# Separated 11 months



## StillhopefulCA

Hello, I’m looking for perspective and advice here. I originally posted this on another forum, but thought it might fit better here. 
My husband moved out 11 months ago. We have a 3 year old daughter, and he comes here several times a week to see her, so we end up spending a fair amount of time together. I’ve been getting mixed signals from him throughout, but every time I’ve brought up reconciliation, he says he wants a divorce. But he hasn’t filed. Things were tense in the beginning of the separation and every time we argued he’d say he wanted a divorce. I decided to be patient, and to get therapy and really “clean up my side of the street” as I very much want to stay married to him. Things seemed to have plateaued recently; we have been getting along well, even chatting/joking and generally enjoying each other’s company. Then yesterday he texted me that he wants to move forward with the divorce. I guess I shouldn’t be surprised, I just felt like things were moving in such a positive direction. I can’t help but feel he wants me to do something or I’m being tested somehow, but maybe I’m fooling myself. Does anyone have any advice, or
Has found themselves in a similar situation?
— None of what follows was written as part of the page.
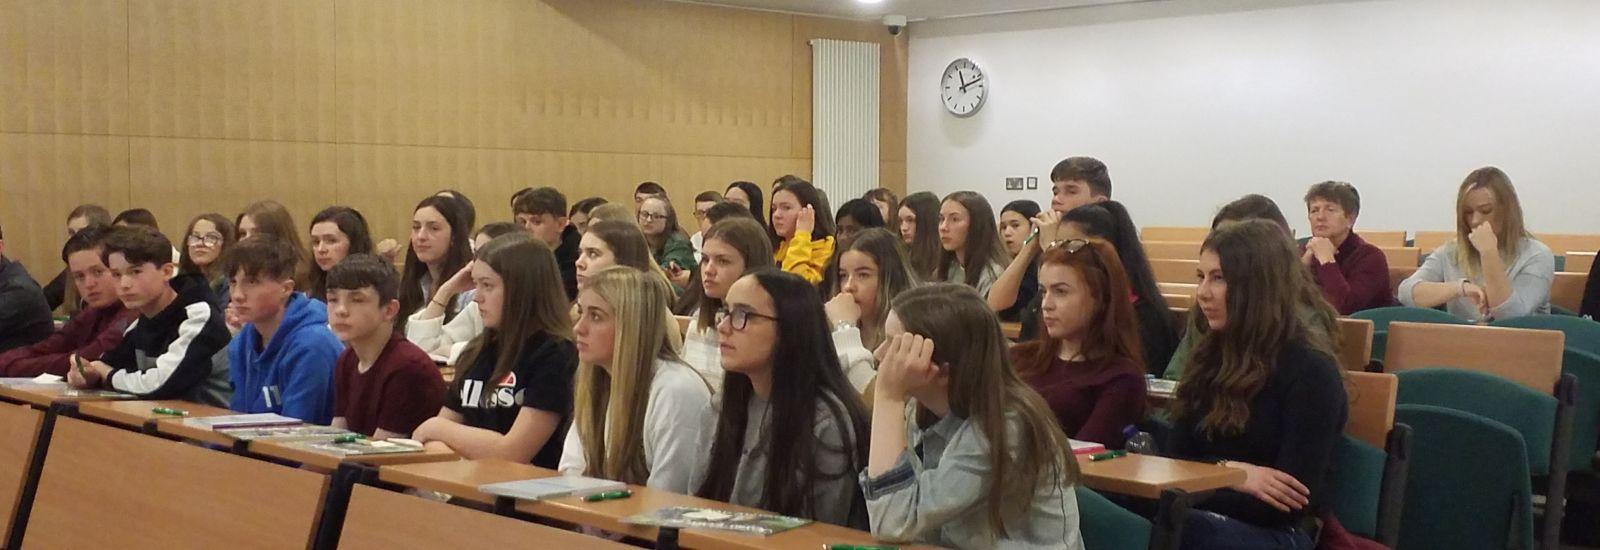 A Seren Hub lecture Oxford

I’m really hoping to reconcile with my husband if at all possible


----------



## StillhopefulCA

I’m trying to decide if I should just try to keep stalling for time, or if I should make a last ditch appeal to him to try in just some tiny way, like a mini date or a counseling session or something? Or will that just push him always and ruin all the progress I’ve made?


----------



## Spicy

What are the reasons the marriage is failing?
What are his complaints about you?
How long has he been unhappy?
What changes did you make during this separation?


----------



## StillhopefulCA

I detailed it in my other post, but the short version is that we were fighting a lot and stuck in a bad cycle. He was unhappy for a couple years. His main complaints about me are that I was controlling and overly critical, and that I yelled and said mean things when I lost my temper when we fought. 
I have been in therapy, working hard to identify why I act the way I do, what my triggers are and better ways to deal with them.


----------



## 3Xnocharm

StillhopefulCA said:


> I’m trying to decide if I should just try to keep stalling for time, or if I should make a last ditch appeal to him to try in just some tiny way, like a mini date or a counseling session or something? Or will that just push him always and ruin all the progress I’ve made?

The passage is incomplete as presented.